Aufgrund dieser vielschichtigen, von alten Dogmen und einem Kurs der Erneuerung sowie einer - allerdings ins Stocken geratenen (vgl. Nürnberger Zeitung v. 30.6.1999, FAZ v. 2o.3.1999, Dr. Will v. 16.6.1999) - wirtschaftlichen Öffnung des Landes bestimmten Situation Vietnams ist eine Prognose zum Verhalten vietnamesischer Behörden bei der Anwendung des vietStGB und der Befugnis zur administrativen Haft nicht abzugeben - zumal ein politisch begründeter Entscheidungsspielraum einschließlich offener Willkür gerade bei Justizakten zum Staats- und Selbstverständnis Vietnams gehört. Es ist damit mehr oder weniger dem Zufall überlassen, ob jemand repressiv „behandelt“ wird oder nicht. Richter werden nach ihrer politischen Zuverlässigkeit ausgesucht und haben den politischen Organen strikt zu gehorchen. Willkürliche Verhaftungen finden statt, wobei das formale Recht, einen Beistand hinzuzuziehen, nicht einmal eingehalten wird (so Einzelentscheider-Brief Febr. 1999). Im Falle eines auffälligen und vor allem auch inhaltlich regimekritischen, von der vorgegebenen Parteidoktrin abweichenden Verhaltens kann unter diesen Umständen die Wahrscheinlichkeit einer politischen Verfolgung - mit der erforderlichen Beachtlichkeit - ohne weiteres angenommen werden (vgl. dazu OVG Saarland, aaO.; vgl. die Äußerungen des vietn.

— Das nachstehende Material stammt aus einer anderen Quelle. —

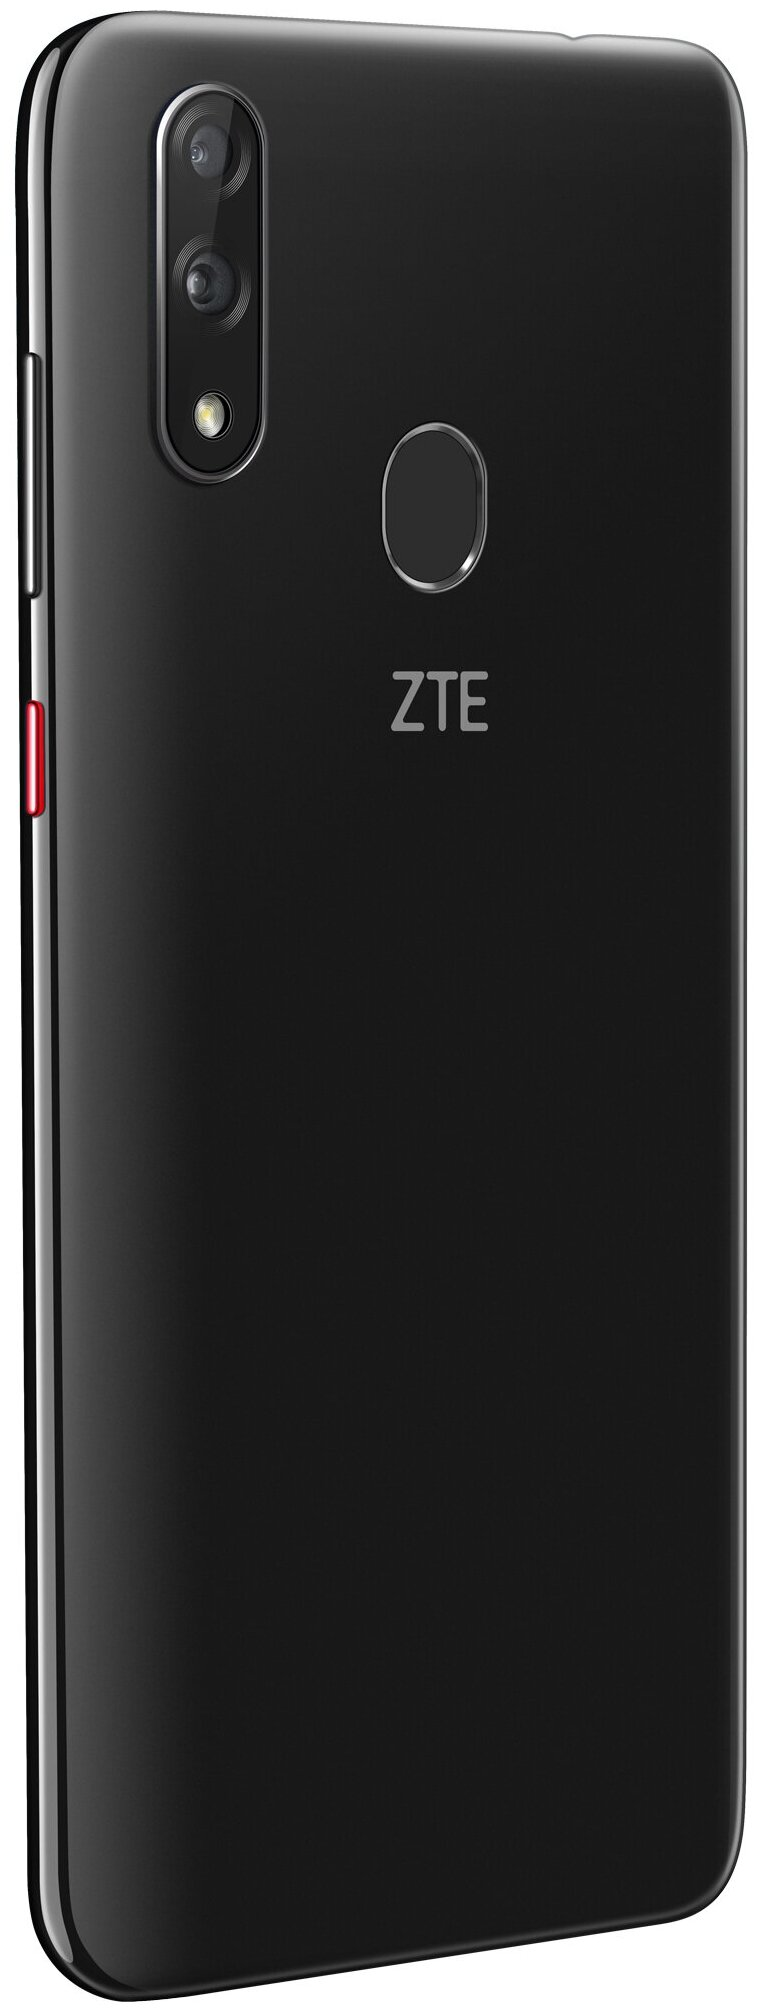 ZTE Blade V10 - память: 64ГБ, слот для карты памяти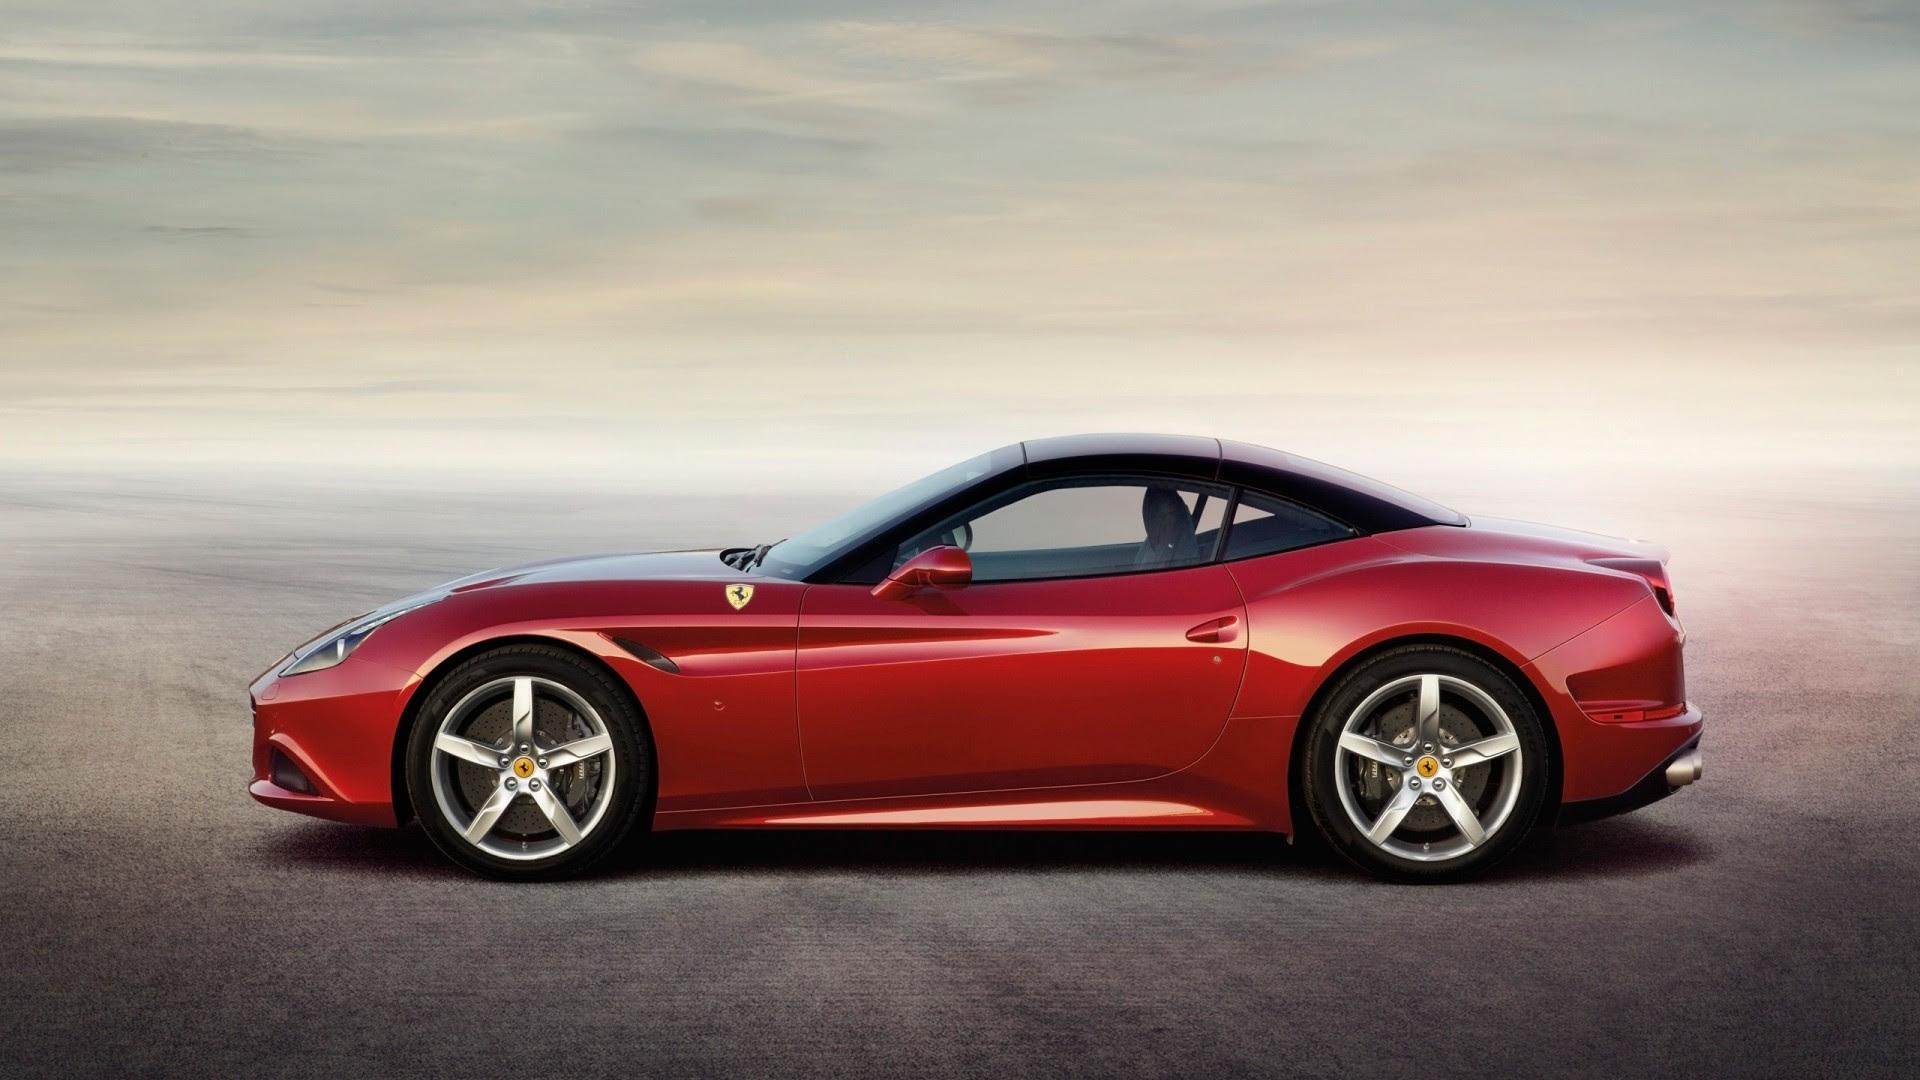 2014 Ferrari California T 6 Wallpaper   HD Car Wallpapers ...

Dissidenten Doan Viet Hoat lt. FR v. 6.2.1999; vgl die ai-Stellungnahme v. 2.2.1999).

31

Der Kläger muß dem vietnamesischen Staat damit als ein verfolgungswürdiger, von der staatlich gewünschten Einstellung und Gesinnung abweichender Staatsbürger mit religiöser Bindung (Christentum) erscheinen, der unbedingt einer Sonderbehandlung bedarf. Somit ist die beachtliche Wahrscheinlichkeit einer Bedrohung und Verfolgung des Klägers iSv § 60 Abs. 1 AufenthG iVm der Richtlinie 2004/83/EG durch jede Art von Schikanen, Repressionen, unmenschlicher Behandlung, freiheitsentziehender Inhaftierung, ggf. auch harte Strafen und „Umerziehung“ in Vietnam gegeben.

32

Nach allem ist der Kläger als Flüchtling iSv § 3 AsylVfG anzuerkennen, ist also festzustellen, dass in seiner Person die Voraussetzungen des § 60 Abs. 1 AufenthG vorliegen.

33

Eine Entscheidung zum Vorliegen von Abschiebungshindernissen nach § 60 Abs. 7 AufenthG, die lediglich hilfsweise beantragt worden ist, kann im Hinblick auf die zuvor dargestellte Entscheidung zu § 60 Abs. 1 AufenthG unterbleiben (§ 31 Abs. 3 Nr. 2 AsylVfG analog).

34

Die Kostenentscheidung beruht auf § 154 Abs. 1 VwGO i.V.m. § 83 b Abs. 1 AsylVfG. Die Entscheidung über die vorläufige Vollstreckbarkeit folgt aus § 167 VwGO i.V.m. § 708 Nr. 11, 711 ZPO.